Comme de longs échos qui de loin se confondent
Dans une ténébreuse et profonde unité
Charles Baudelaire
Le monde médiéval séparait les odeurs de vie et les odeurs de mort. Symboliquement, la mauvaise odeur émanant de la pourriture était du côté du diable, du malsain, des épidémies — et en particulier de la peste. Le diable sent le soufre. Il est associé à la mort, à la décomposition végétale et cadavérique. Il est à l’opposé de la vie, des odeurs de sainteté qui émanent des corps morts transcendés par l’ascèse — épargnés par la putréfaction.
À partir du 15e siècle, comme le diable, la sorcière est associée à la pourriture et réputée nocive : elle prépare des mixtures de végétaux pourrissants, et exhale elle-même une odeur de pourriture.
L’ingestion de pain de seigle contaminé par l’ergot, une moisissure hallucinogène contenant de l’acide lysergique (le principe actif de l’actuel LSD), était pris pour un acte de sorcellerie ou de possession démoniaque. Absorbée à plus forte dose, cette moisissure provoquait le « mal des ardents », qui consiste en une constriction des vaisseaux sanguins et un pourrissement des extrémités du corps. Cette maladie a fait des ravages en Europe occidentale, du Xe au XIIe siècle, mais un des principes actifs est utilisé aujourd’hui en pharmacie contre la migraine.
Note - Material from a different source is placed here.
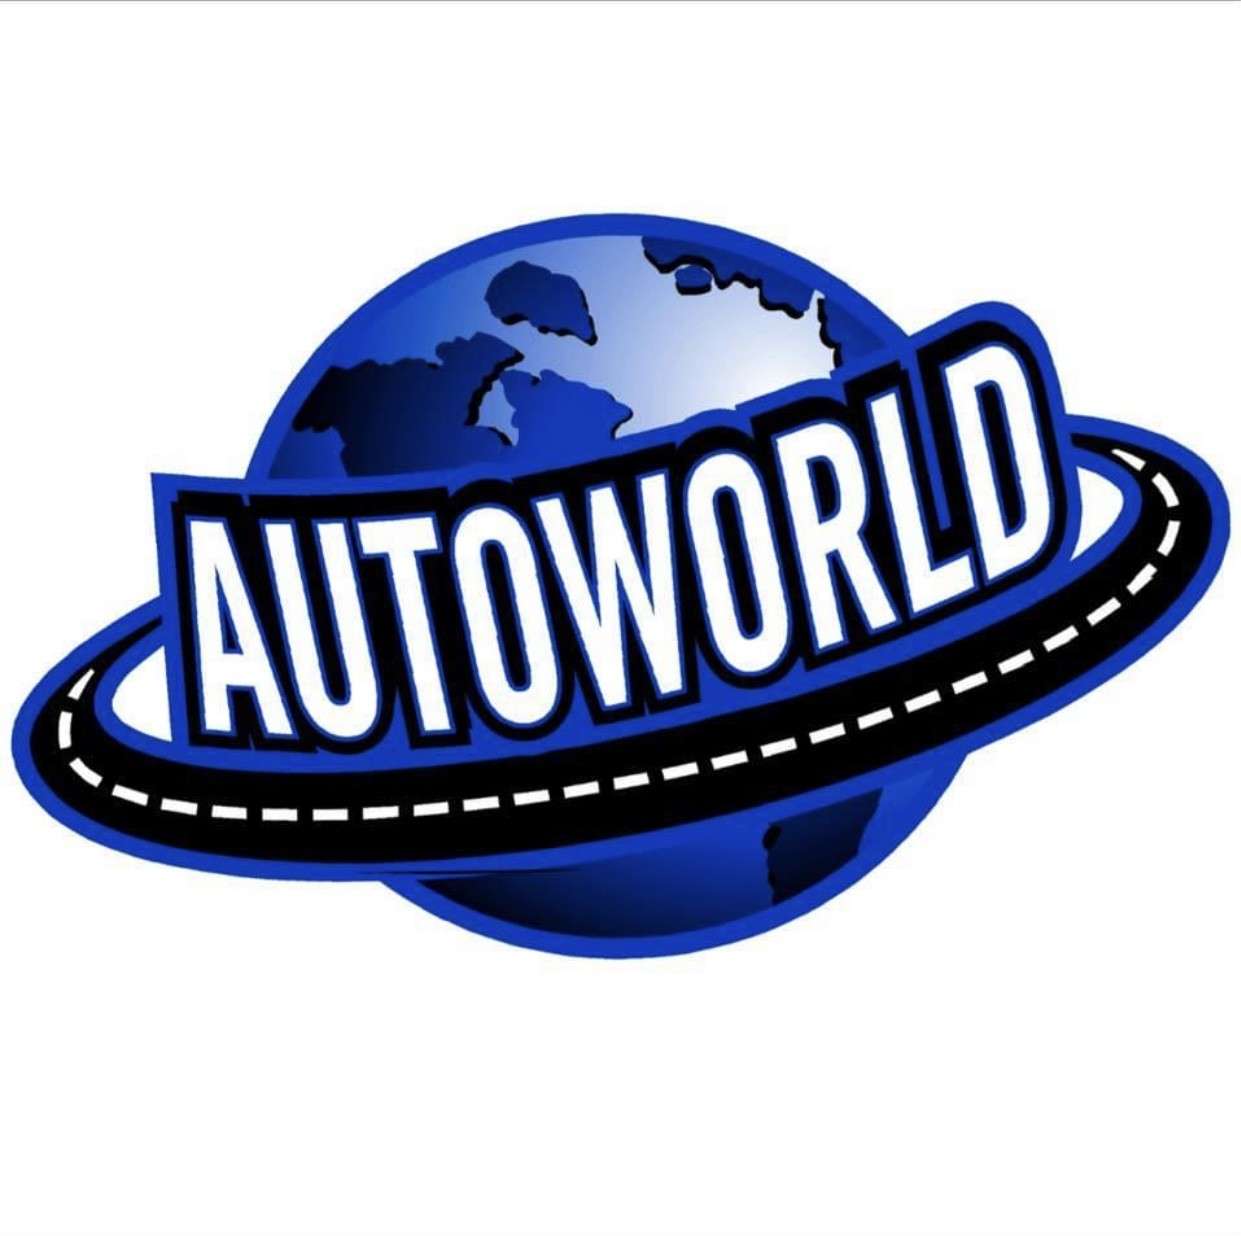 Autoworld Logo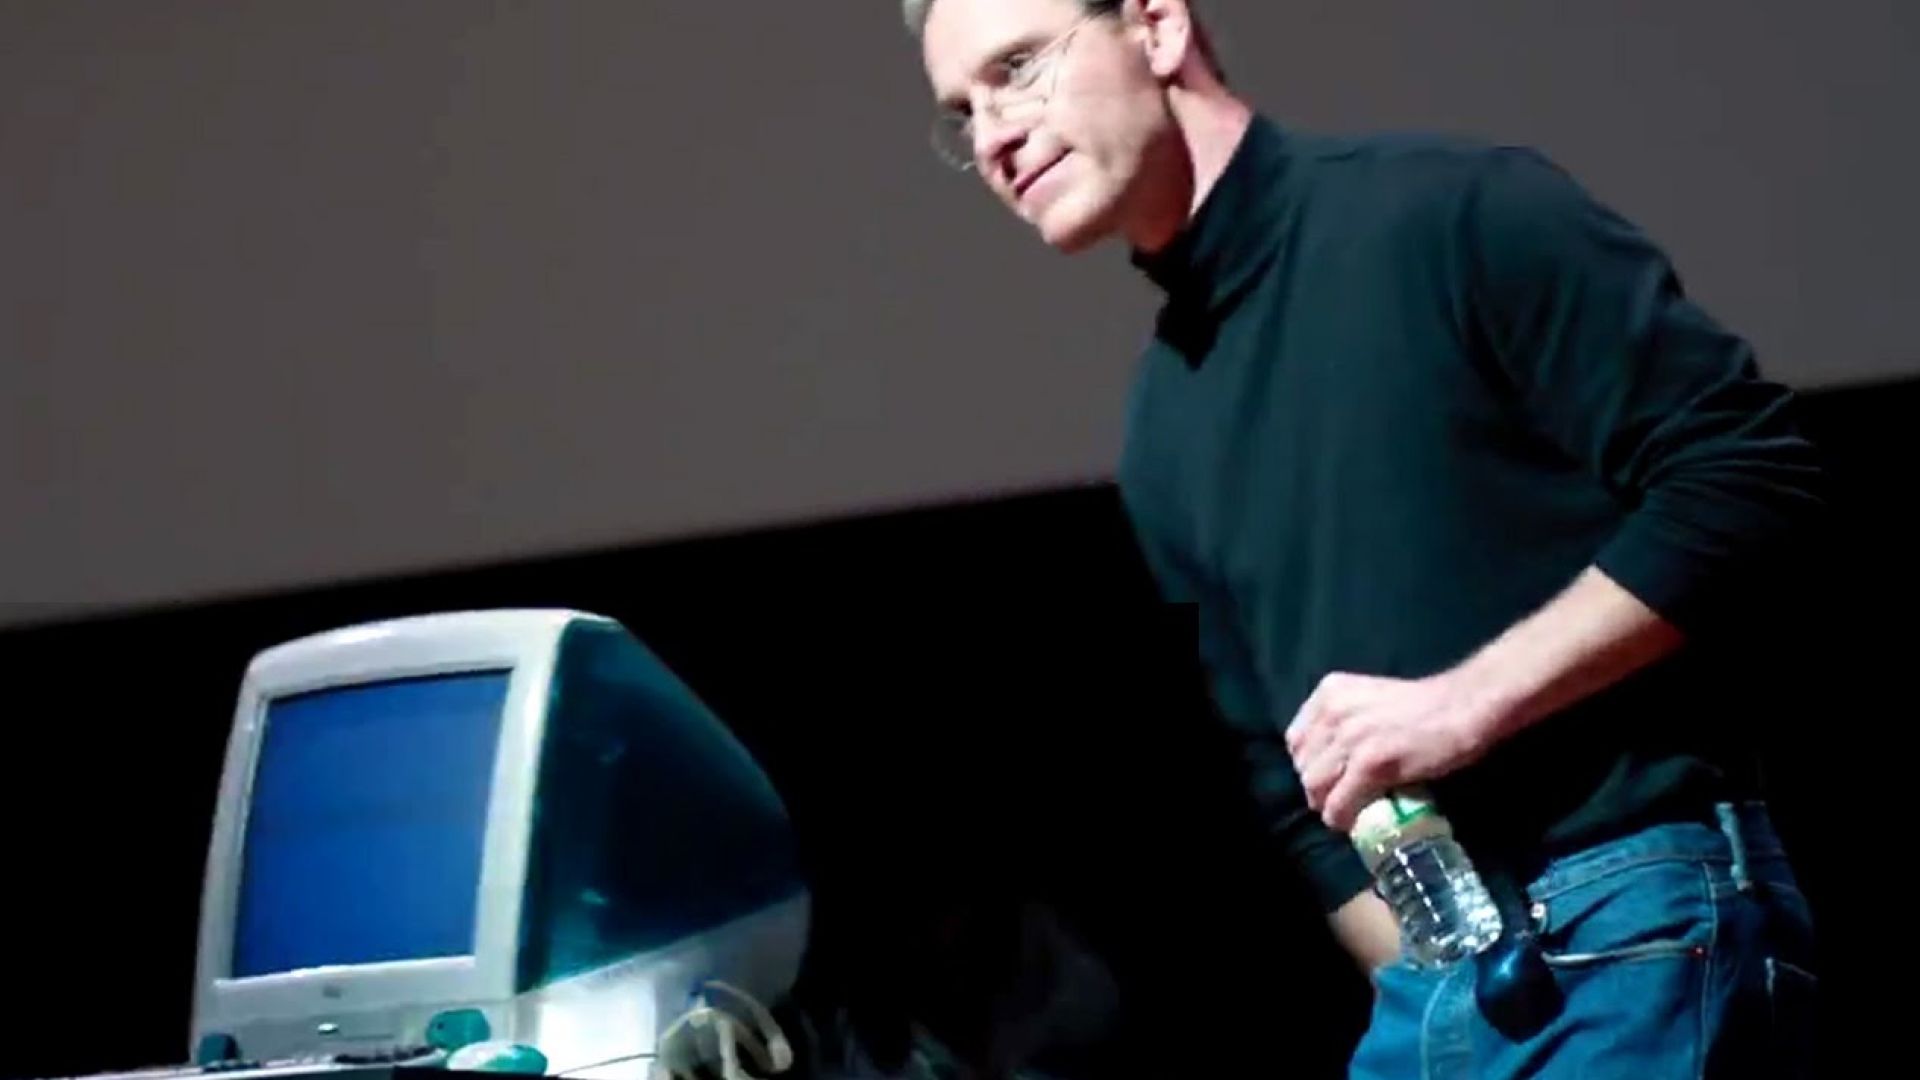 Full Steve Jobs trailer has Fassbender showing Jobs&#039; genius

La putréfaction, c'est avant tout le destin naturel du corps humain.
D'ailleurs, dans l’ascèse religieuse, on pense le corps comme une pourriture en sursis. On cherche donc à réprimer le désir et le plaisir de la chair pour mieux s’attacher à la beauté spirituelle, qui, elle, est censée durer.
Au Japon, à l’époque médiévale, les moines bouddhistes avaient une tradition. Une méthode de purification qui employait les grands moyens. Ils méditaient sur le corps humain pourrissant, de préférence celui d’une femme et en particulier celui d’une courtisane, afin d’éloigner tout désir envers elles.
Dans la pensée païenne, au contraire, on déplore le caractère éphémère du corps, et on célèbre sa beauté en profitant des plaisirs qu'il offre.
Lorsqu'on mange, on utilise sa bouche, mais aussi son cerveau : on se représente ce que l’on mange. Car manger est un acte culturel qui peut avoir une dimension symbolique. Ainsi, pendant la communion, les chrétiens mangent le corps du Christ.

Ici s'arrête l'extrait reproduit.